Georgia is the first state in the country to significantly loosen restrictions, though many remain in place and some cities such as Atlanta remain on lockdown. Trump said he told Gov. Brian Kemp in a phone call that he thought it was too early to ease stay-at-home orders and let some businesses reopen.

“Do I agree with him, no, but I respect his decision,” Trump said.

Asked about Georgia, Dr. Anthony Fauci said he would caution the state to move more slowly. It was Fauci’s first appearance at a briefing this week.

The director of the CDC, meanwhile, said he did not mean to suggest in prior comments to the Washington Post that the coronavirus is likely to reemerge as an even deadlier threat in the winter.

Robert Redfield said he meant to say that the coronavirus and the flu would be a deadly combination if they are circulating at the same time. He urged all Americans to get flu shots in the fall to help mitigate the danger.

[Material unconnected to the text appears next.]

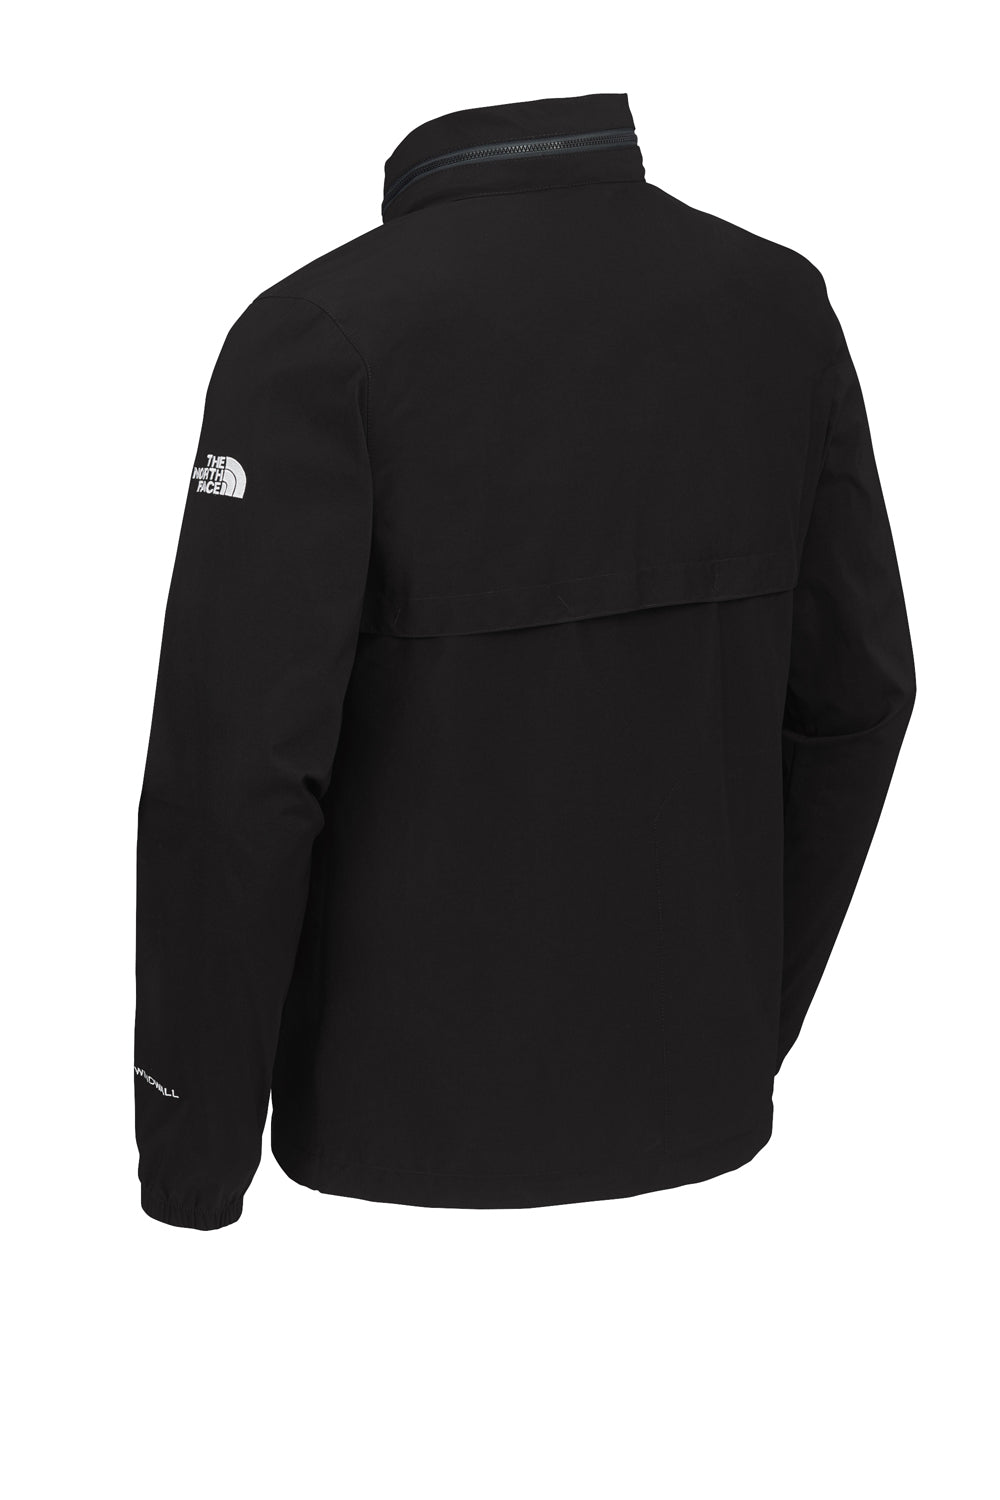 The North Face NF0A5ISG Packable Travel Full Zip Jacket Black Flat Back

In the Post interview, Redfield said: “There’s a possibility that the assault of the virus on our nation next winter will actually be even more difficult than the one we just went through. And when I’ve said this to others, they kind of put their head back, they don’t understand what I mean. We’re going to have the flu epidemic and the coronavirus epidemic at the same time.”

The comments to the Post appeared to irritate the president, who said he spoke at length with Redfield and brought him to the daily briefing to clarify his remarks. Redfield has not been a frequent participant.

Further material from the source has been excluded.